Polling variables (poll)

poll("var_name", #{
  // It is recommended to have initial property passed.
  // If not provided, it will default to no value which may cause problems when used.
  // You can pass something like "" if you want no initial value.
  initial: "inital value",
  interval: "2s",
  cmd: "date +%H:%M:%S", // command to execute
})

A polling variable is a variable which runs a provided shell-script repeatedly, in a given interval.

This may be the most commonly used type of variable. They are useful to access any quickly retrieved value repeatedly, and thus are the perfect choice for showing your time, date, as well as other bits of information such as pending package updates, weather, and battery level. But it is important to note that these variables are locally available only in enter (a.k.a the root) and you need to pass it to other functions with something like some_fn(foo) when you want to use a polled variable.

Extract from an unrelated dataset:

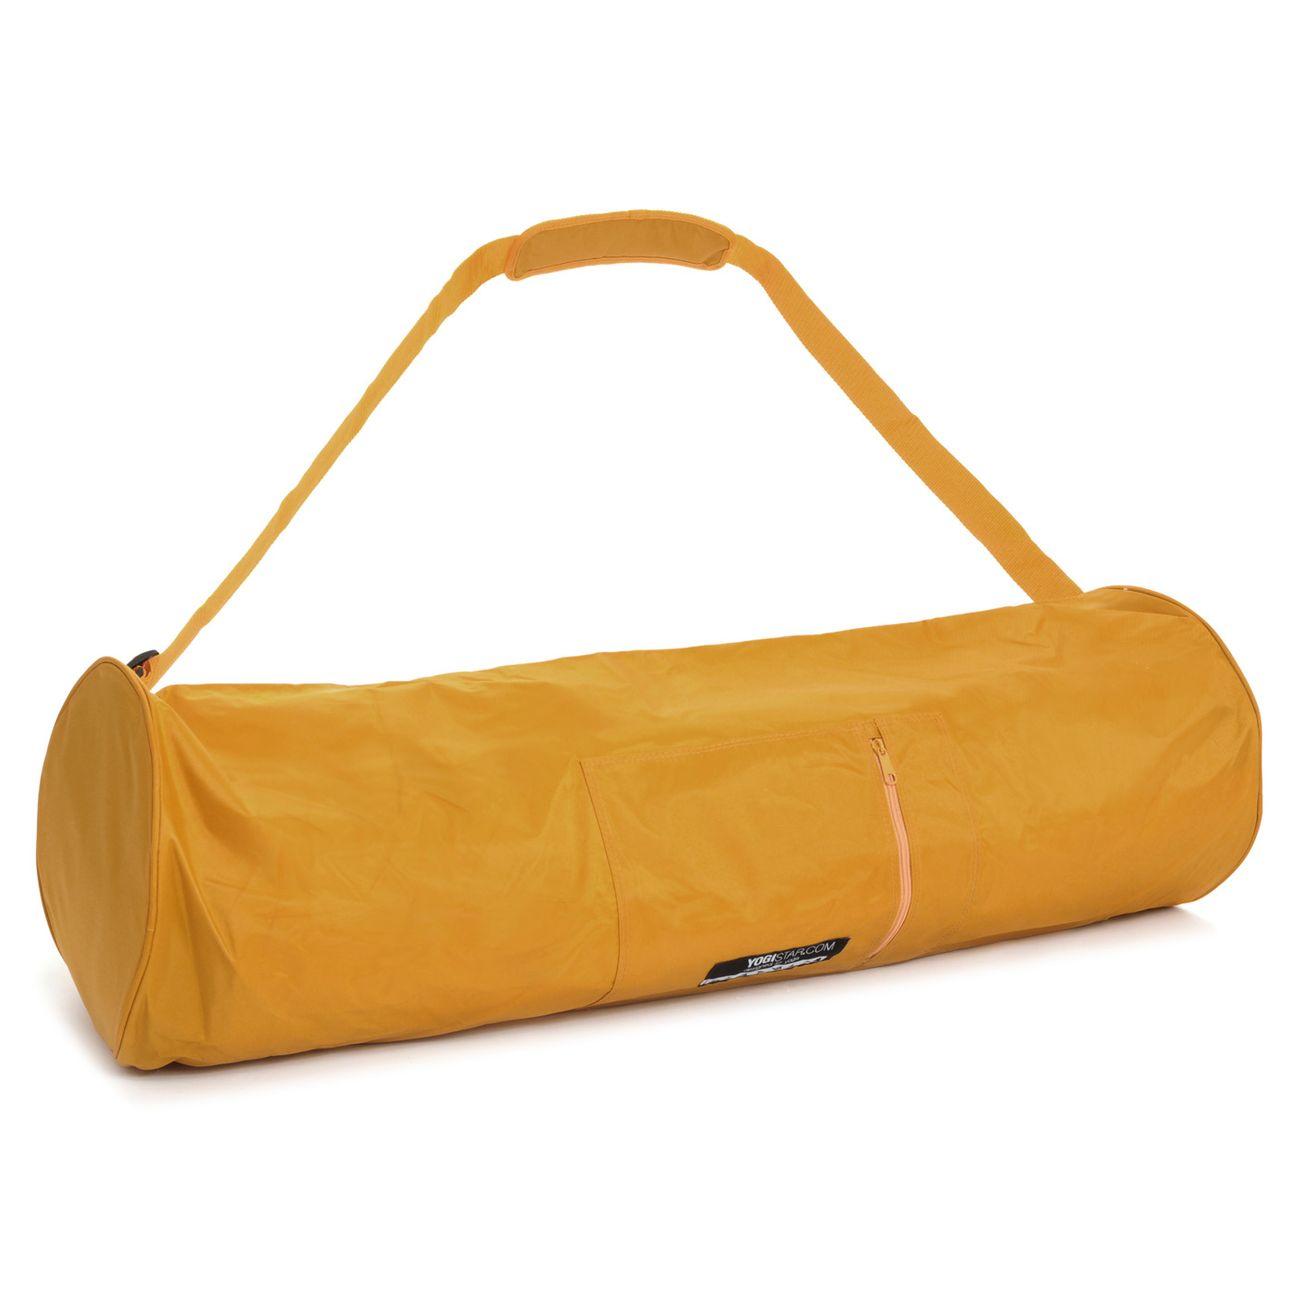 Yoga  YOGISTAR Sac de yoga basic - zip - extra big - nylon - 80 cm safran

To externally update a polling variable, ewwii update can be used like with basic variables to assign a value.

Listening variables (listen)

listen("foo", #{
  initial: "whatever",
  cmd: "tail -F /tmp/some_file",
})

Listening variables might be the most confusing of the bunch. A listening variable runs a script once, and reads its output continously. Whenever the script outputs a new line, the value will be updated to that new line. In the example given above, the value of foo will start out as "whatever", and will change whenever a new line is appended to /tmp/some_file.

These are particularly useful when you want to apply changes instantaneously when an operation happens if you have a script that can monitor some value on its own. Volume, brightness, workspaces that get added/removed at runtime, monitoring currently focused desktop/tag, etc. are the most common usecases of this type of variable. These are particularly efficient and should be preffered if possible.

For example, the command xprop -spy -root _NET_CURRENT_DESKTOP writes the currently focused desktop whenever it changes. Another example usecase is monitoring the currently playing song with playerctl: playerctl --follow metadata --format {{title}}.

Passing variables

As we discussed earlier, all variables are only available locally. So, you would need to pass it around from the current scope.

Here is an example of how it is done:

let foo = "example";

poll("time", #{
  initial: "inital value",
  interval: "2s",
  cmd: "date +%H:%M:%S",
})

// Here we have 2 variables named "time" (registered dynamically by poll) and foo (a static variable)

// here is an example of something that wont
fn wont_work() {
  return box(#{}, [ label(#{ text: time }), label(#{ text: foo }) ]);
}

dyn_id

dyn_id's are one of the most important properties of all. It is the property that decides if a widget should get updated dynamic or not.

dyn_id property is used to assign an id to a widget which the system will track to update if there is a change in property under the same id.

Example usage:

fn foo(foo_var) {
  return box(#{}, [
    label(#{ text: foo_var, dyn_id: "foo_var_user" }); // dyn_id used to make label dynamic
  ]);
}

enter([
  defpoll("foo", #{
    cmd: "echo baz",
    initial: "",
    interval: "1s"
  }),
  defwindow("bar", #{
    // .. properties omitted
  }, bar(foo)),
])

Here, when the variable foo changes, the text of label changes as well. If there is no dyn_id defined, then ewwii will ingore that change. But if it is defined with a unique value, then it will find the widget that is defined with the id that matches dyn_id and then update its text property which will result in a change in the UI.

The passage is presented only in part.